How to control coding agent costs with intelligent model routing

Intelligent model routing for coding agents sends each message in an agent session to the best model and reasoning level to maximize accuracy and minimize cost.

When done correctly, intelligent model routing cuts inference cost by 30%+ without lowering quality. On the other hand, when done incorrectly, naive model routing can degrade quality and increase costs.

This guide is written to help you approach model routing the right way. We’ve written this primarily for engineering and finance leaders looking for technical solutions to the coding agent cost problem that preserve both output quality and developer experience.

Coding agent cost curve

Why coding agent bills are so high

Across enterprise deployments, Anthropic now reports an average of $250 per developer per month on Claude Code, with the 90th percentile spending up to three times that. In our own work with enterprises, many are well past $1000 per developer per month, and the number keeps climbing.

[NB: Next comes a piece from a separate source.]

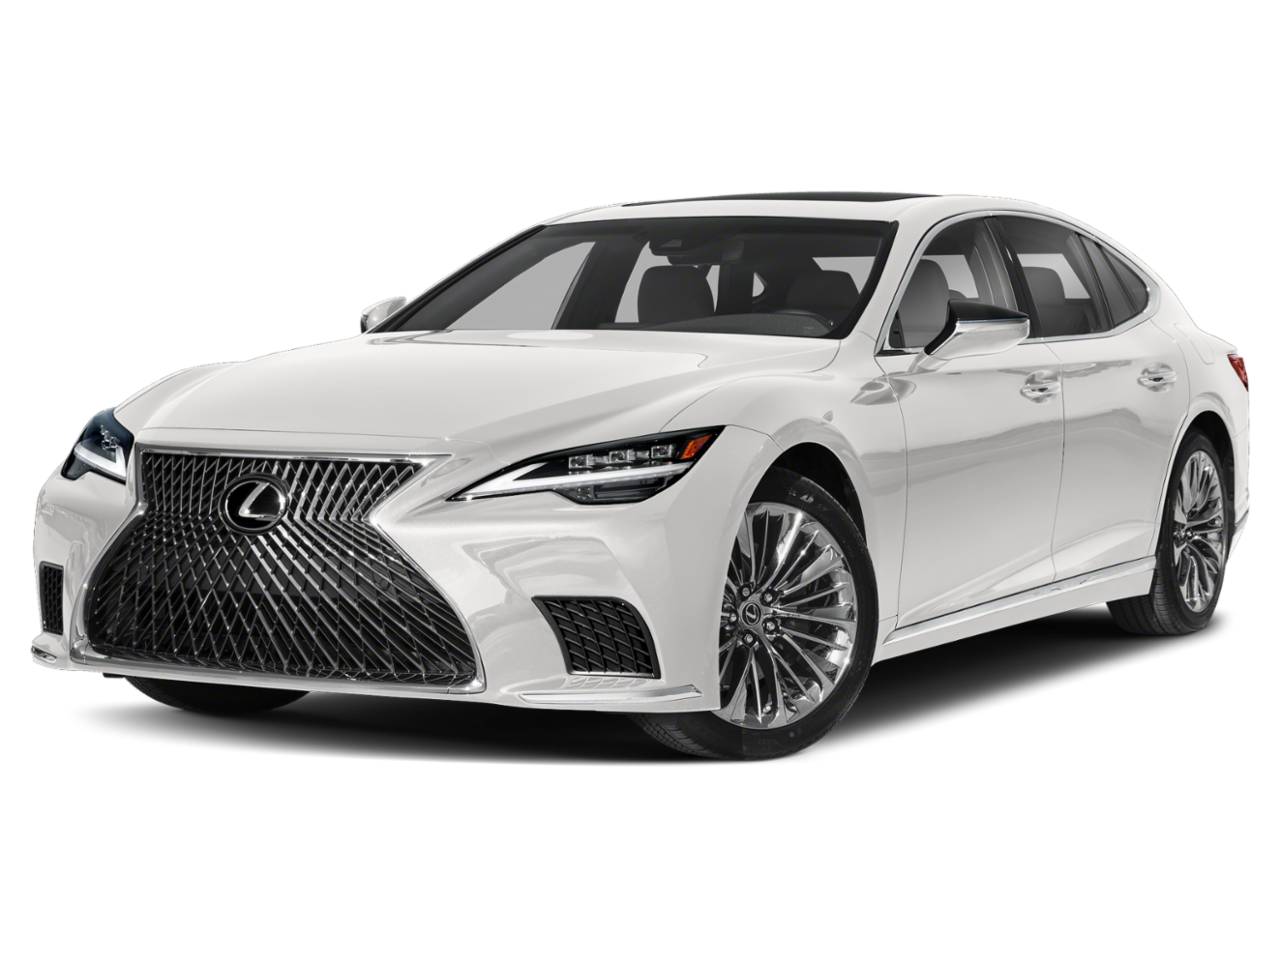 Sewell Lexus - Experience Lexus at Sewell Automotive Companies

The increase in coding agent inference spend is driven by three deeper trends: model prices continue rising, more capable models are enabling longer sessions with more parallel agent work, and enterprise adoption is still growing month over month.

Behind the growing bills is a specific set of factors that drive the majority of coding agent spend:

  1. Defaulting to the most powerful model for every task
  2. Using small models for tasks they can’t solve efficiently or correctly
  3. Misconfiguring the reasoning effort for a given task
  4. High subagent utilization, fan-out, and dynamic workflows
  5. KV cache misses and expirations

Understanding how these factors relate to each other is critical to building an effective cost management solution for coding agents. Model routing can help us optimize points 1-4. However, it’s important that model routing solutions also take into account point 5, otherwise they will almost certainly be ineffective or even counterproductive.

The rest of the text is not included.